OSIR Author Guidlines

Organisational Studies and Innovation Reviews

Authors Guidelines

(Downoad PDF File)

Organisational Studies and Innovation Review (OSIR) welcomes the submissions of scholarly articles, and research papers. Papers submitted to the OSIR must be original, not published previously or under consideration for publication elsewhere.
The OSIR is committed to the editorial principles laid down by the Committee on Public Ethics.


Manuscript Guidelines

Submission of your article is via the website and will consist of two documents: a title page (use the template) and the article itself. The article should be no longer than 3,000 words excluding the References section. The articles should be submitted without any indication of its authorship or page numbers. A separate document should be submitted which has the title of the article, names of the authors with affiliation and contact details and the biographical details of the authors.
It is essential that authors should have their work proofread by a third party and, if the author is not a native English speaker, that it is proofread by a native English speaker. OSIR expects grammar and spelling to be faultless and articles will be rejected if they are not even if the work fulfils the other requirements.


Authors must comply with the following guidelines before their work will be considered and articles not in compliance will be returned to the author. The text is single-spaced, uses a 12-point Times New Roman font, employs italics, rather than underlining. Do not use page numbering anywhere in the manuscript!. Alignment should be fully justified and all margins should be set to 1 inch.
We Follow Harvard Referencing System, please follow the instruction provided Download Harvard Ref in PDF


Structure of the Paper.

You should submit two separate documents: 1- Title page 2- Full paper
Title page (containing the title of the paper, author contact information, and a short auto-biography for each author)

Full paper StructureTitle

 

  • Title
  • Abstract
  • Keywords
  • Introduction
  • Body of paper
  • Tables, figures, etc. placed where they belong
  • Conclusion
  • Acknowledgments (if applicable)
  • References (Harvard Ref System)
  • Appendices (if applicable)

Title Page

The title page should contain the paper title and each author name, affiliation, mailing address, and email address with the contact author indicated. The title page should also contain a short auto-biography of no more than 100 words for each author.
Authors (12pt Time Roman, No “Dr.”, “PhD” or any other title)
University Name, Country (11pt Time Roman). Department and email address, please.
Title (14pt Time Roman, Uppercase, Bold, Align text to the left)
The title should be concise, descriptive, and contain the keywords or key phrases. Search engines assume that the title contains all of the important words that describe the topic of the paper. The use of acronyms should be avoided in the title and keywords unless widely recognized and understood.

Main Paper

 Abstract (12pt, Times New Roman)
Abstracts should not exceed 200 words. The abstract should contain all the keywords and key phrases at least once and more than once if necessary. The abstract should be one paragraph only.


Keywords
Should follow the Abstract. List five or six Keywords

Main Headings

Three levels of headings are allowed.
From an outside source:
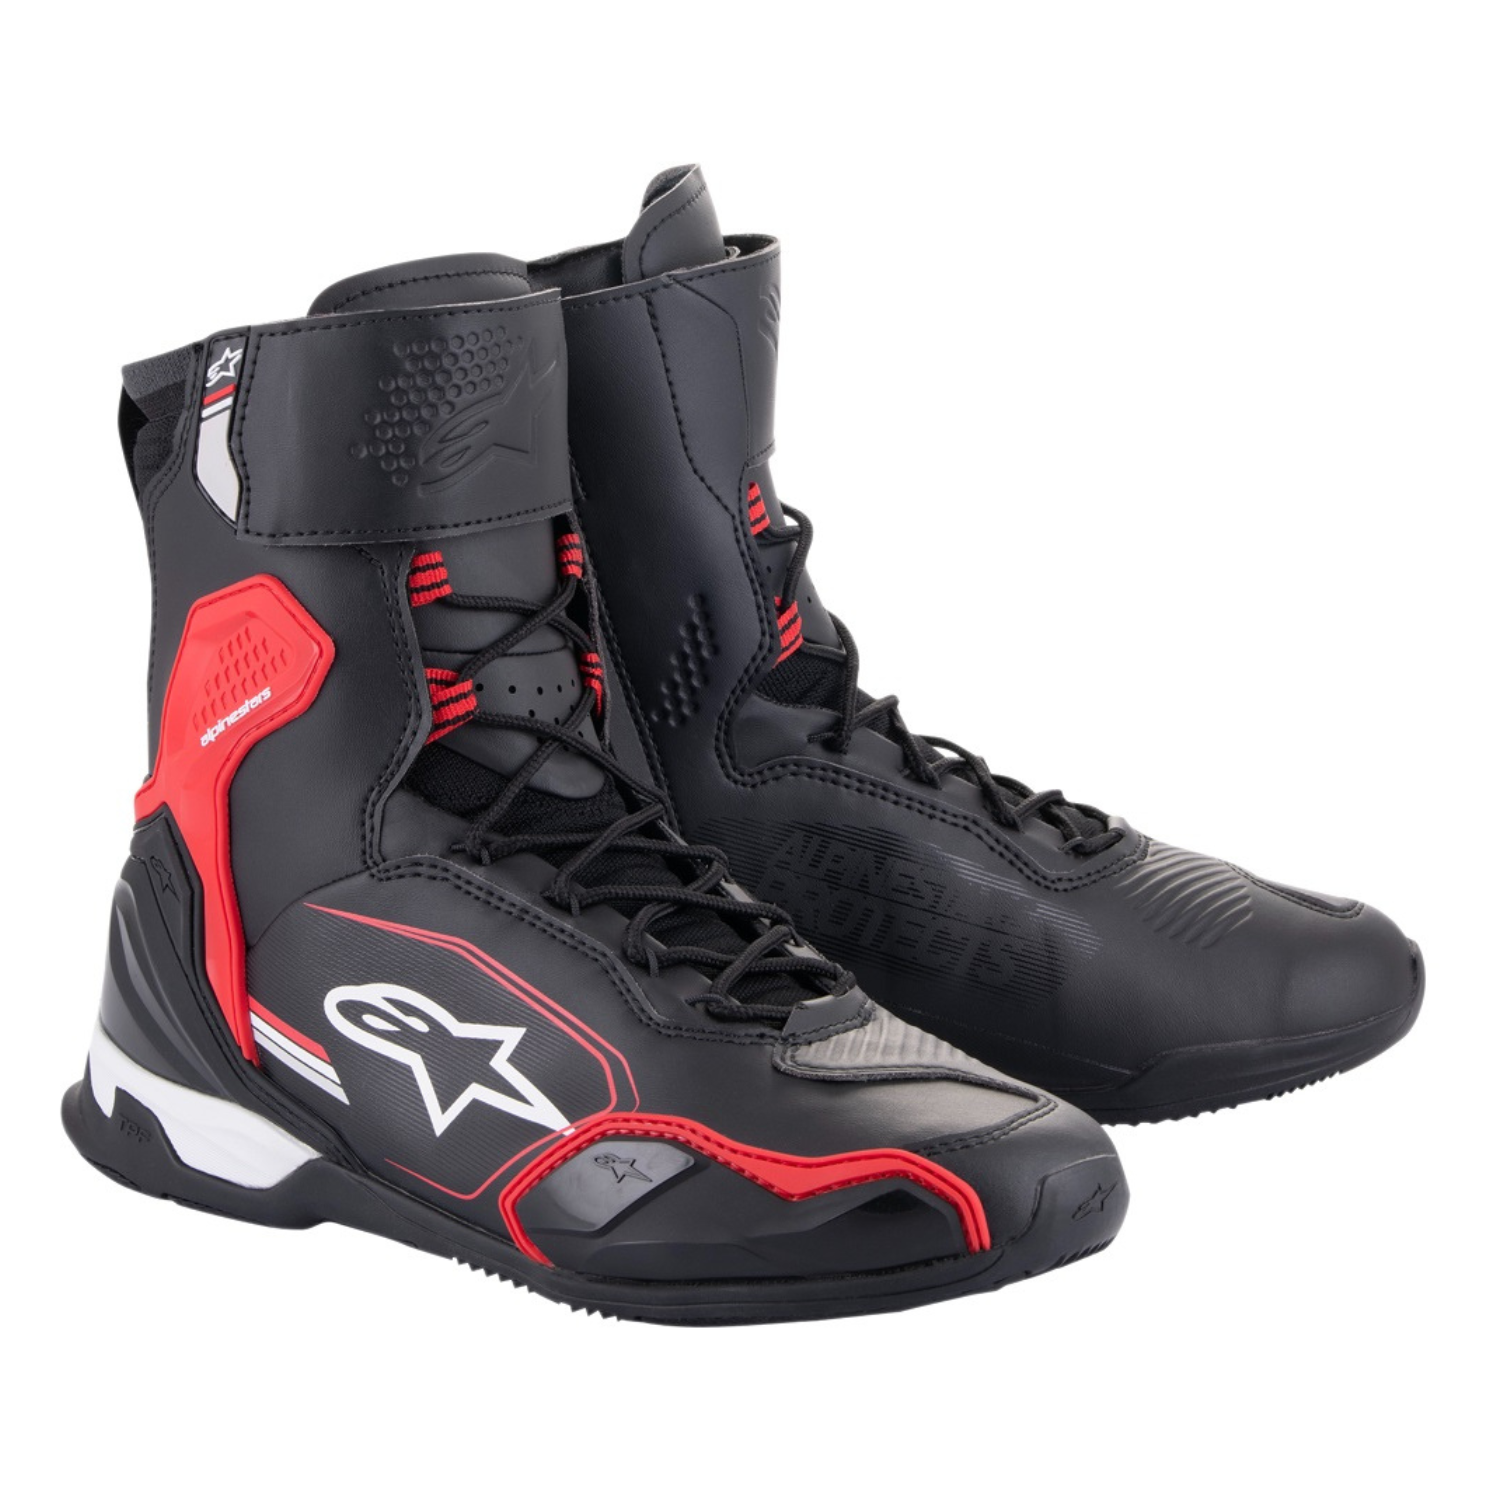 Image of Alpinestars Superfaster Shoes Black Bright Red White Size US 11 ID 8059347260990

The first level should be Bold 14 Time New Roman, second level Bold 12 Time New Roman, and third level Italics 12 Time New Roman.

The text is single-spaced, uses a 12-point Times New Roman font, employs italics, rather than underling. Do not use page numbering anywhere in the manuscript! Alignment should be fully justified and all margins should be set to 1 inch.

Tables & Figures

All illustrations, figures, and tables are placed within the text at the appropriate points rather than at the end or in a separate document. Each figure or table must be labelled with a descriptive caption and numbered sequentially, eg. Figure 1. Diagram showing the relationship between the constructs. Use the Microsoft Word table function to create tables, not spreadsheets.

Abbreviations

Abbreviations should be defined at first mention and used consistently thereafter.

References

References should be arranged alphabetically and follow Harvard Ref System. References should not be inserted as footnotes. Download Harvard Ref in PDF

Citations and References:

The use of footnotes and endnotes are prohibited. Incorporate additional material within the main text.
Use an author-date citation in the text. Each reference cited in the text must be listed in the reference page and each entry in the reference page must be cited in the text. If the exact words of the cited work are quoted, a page number must be included in the citation eg. Yesslen (2009, p.19) stated that the world is upside down.

When citing more than 2 authors only the name of the first author should appear followed by “et al.” All author’s names should appear in References.
When using a direct quotation from an author in your text, a page number is used. eg. Streeter stated that “the only possible direction is vertical and…..in this manner” (2003, p.276).

The references section lists all the cited authors in the article alphabetically by the author’s surname. They are not numbered or indented. The references section should only contain the citations in the article.